## What is required
No picture belongs in the copy. Repeat each line below exactly.

## Dataset content

----

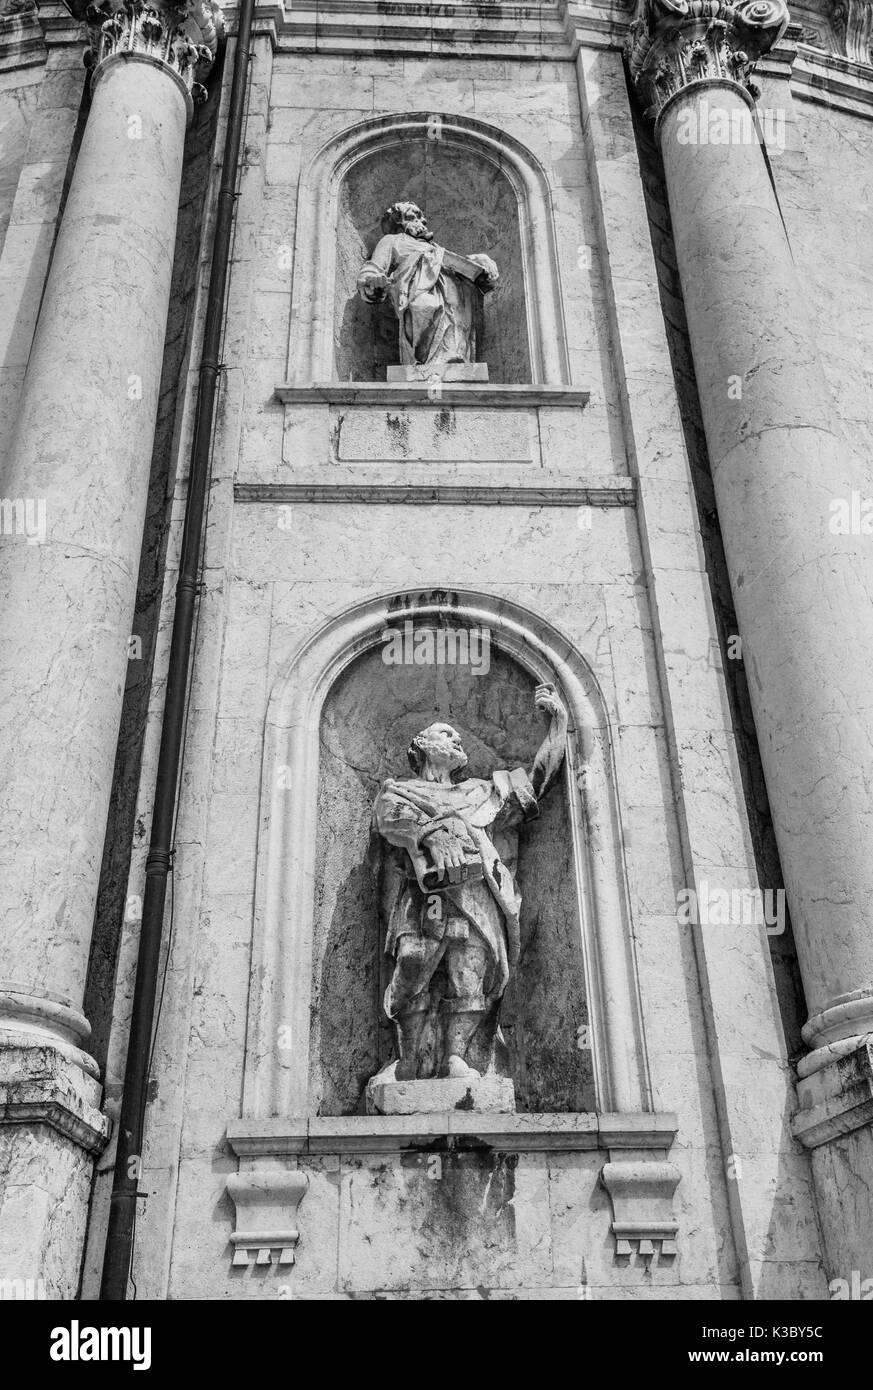 Germany, Bavaria, monastère bénédictin Ettal, des statues à la façade de l'église abbatiale Ettal Banque D'Images
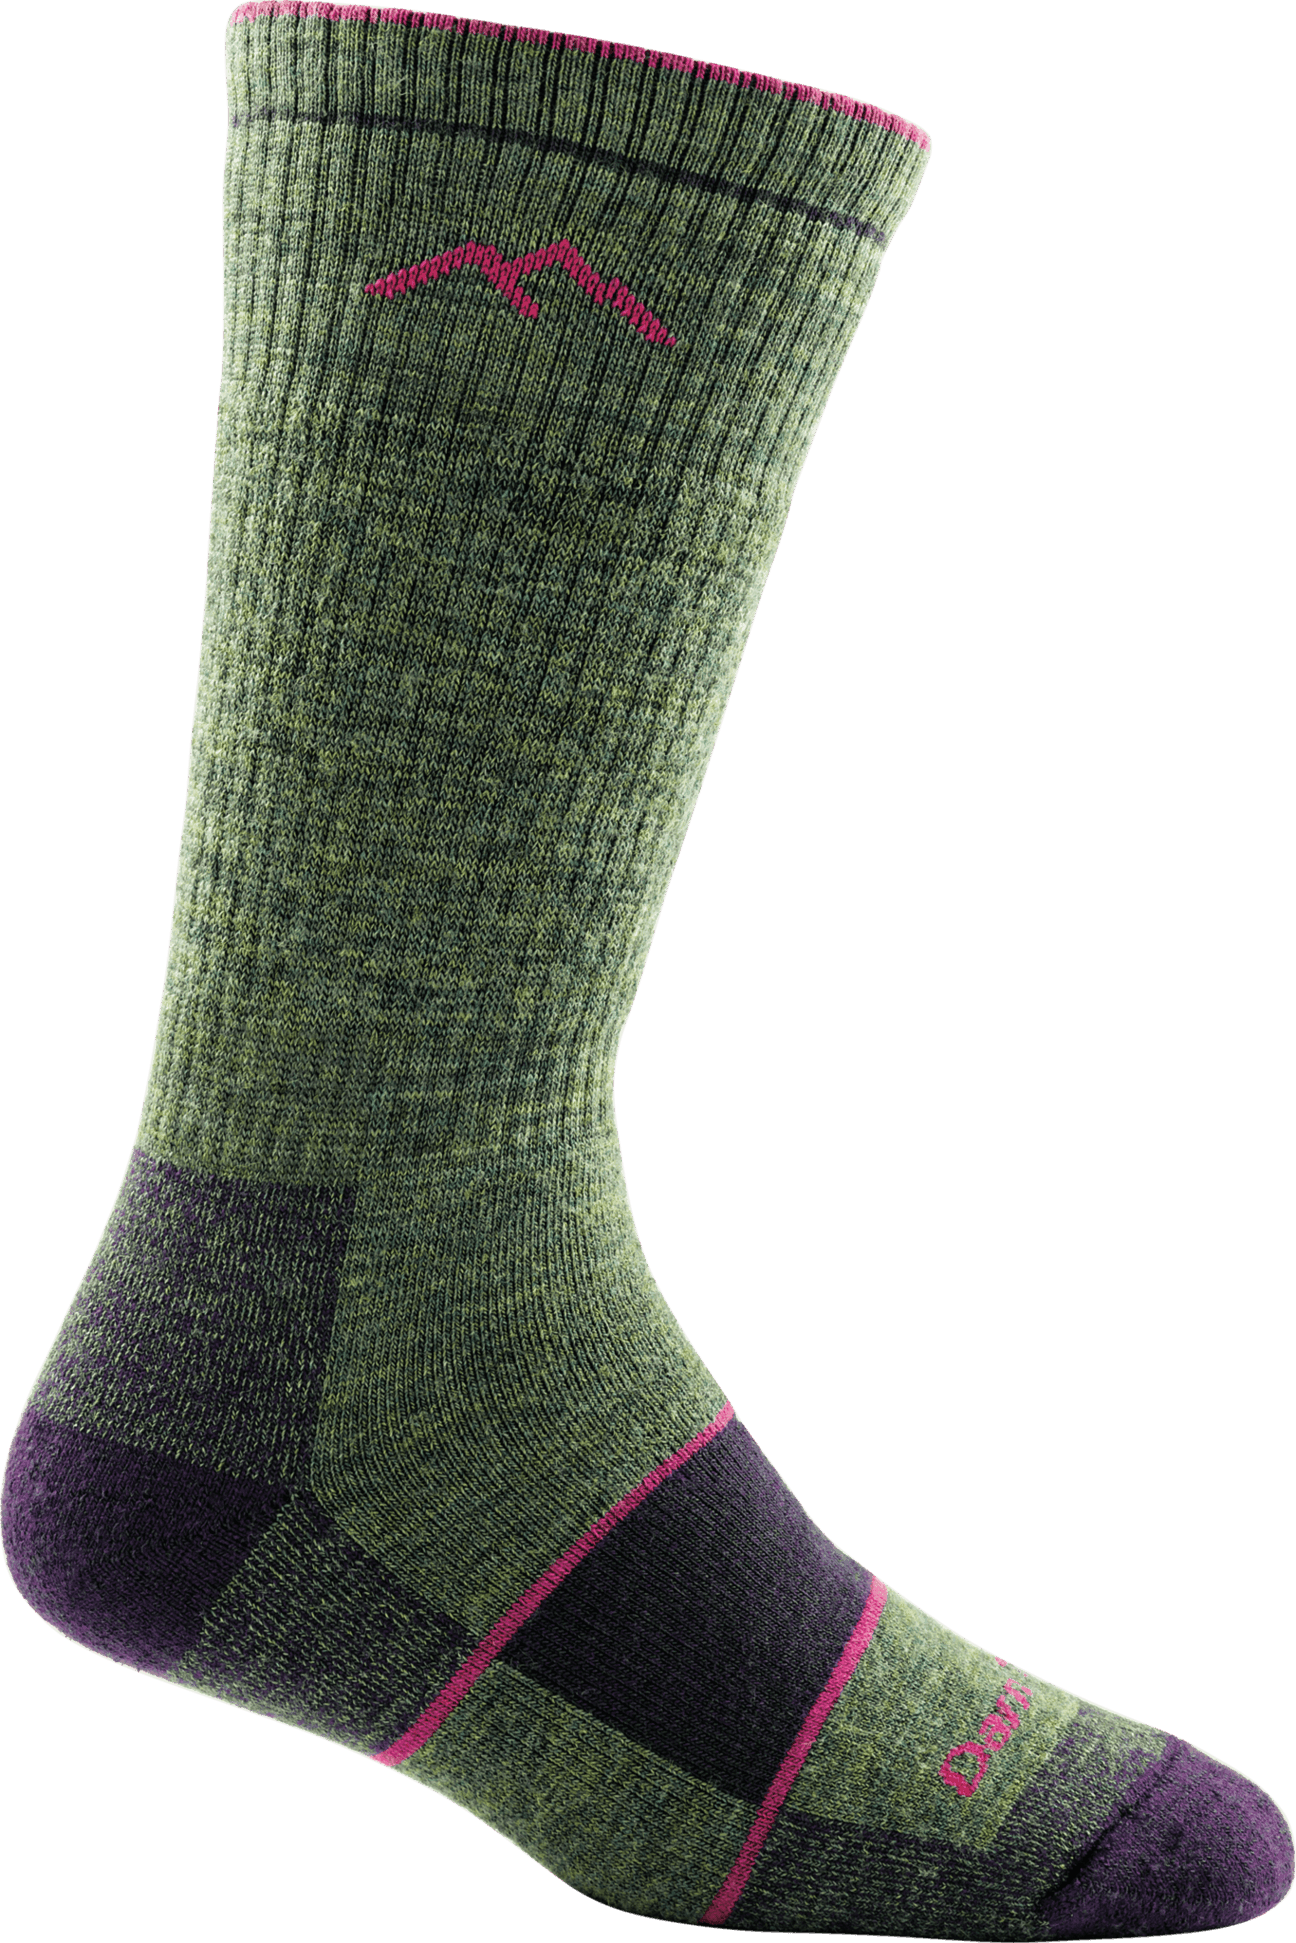 Hiker, Women's Full Cushion Boot Sock #1908 - Darn Tough - The Sock Monster
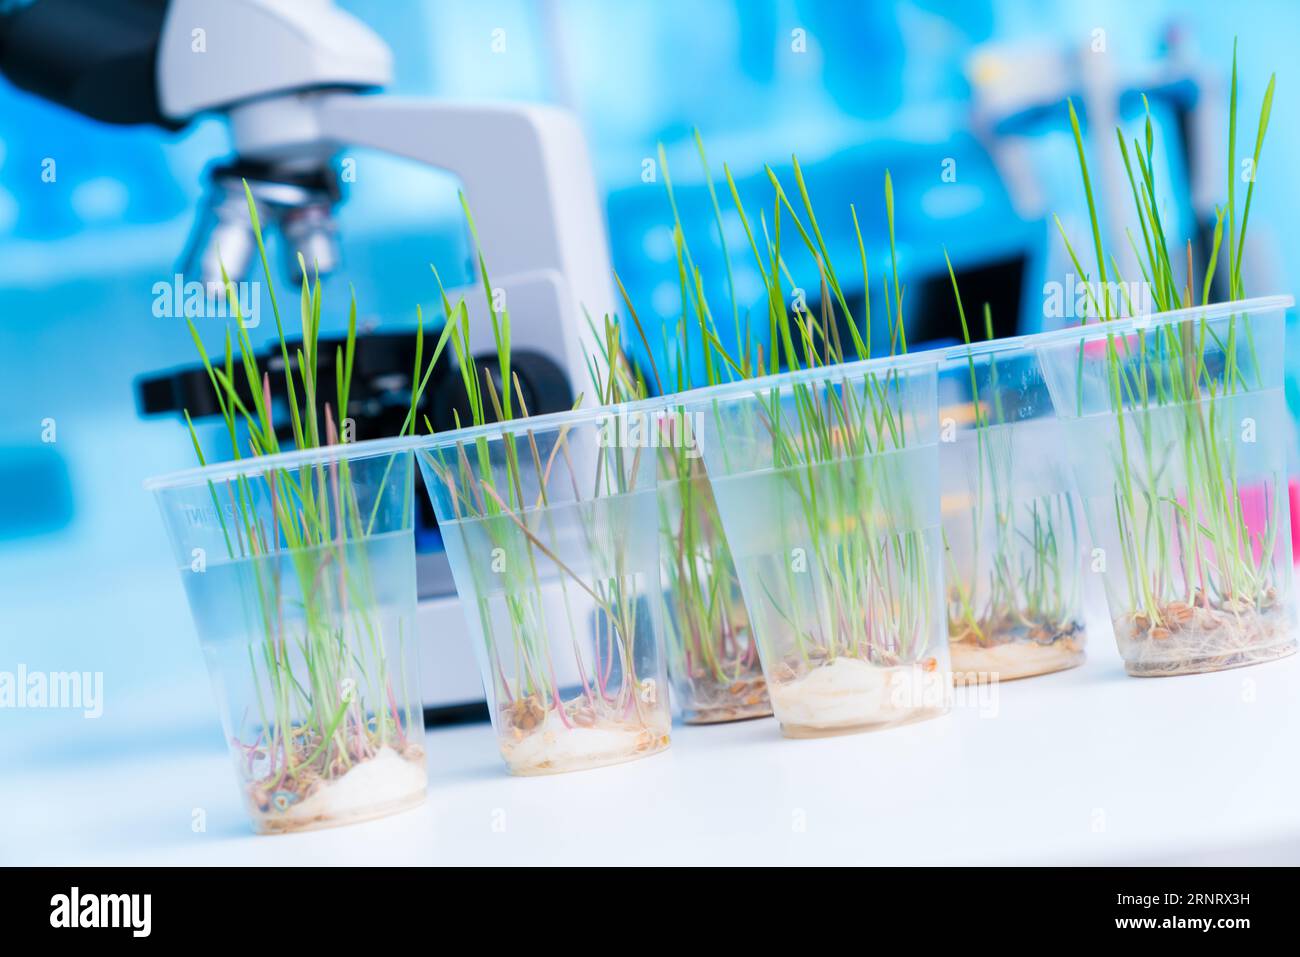 Untersuchung des Einflusses unterschiedlicher Nährstofflösungen auf die Wurzelentwicklung: Bei diesem Experiment werden Pflanzen verschiedenen Nährstofflösungen ausgesetzt Stockfoto

----

## Finished task
 Germany, Bavaria, monastère bénédictin Ettal, des statues à la façade de l'église abbatiale Ettal Banque D'Images
 Hiker, Women's Full Cushion Boot Sock #1908 - Darn Tough - The Sock Monster
 Untersuchung des Einflusses unterschiedlicher Nährstofflösungen auf die Wurzelentwicklung: Bei diesem Experiment werden Pflanzen verschiedenen Nährstofflösungen ausgesetzt Stockfoto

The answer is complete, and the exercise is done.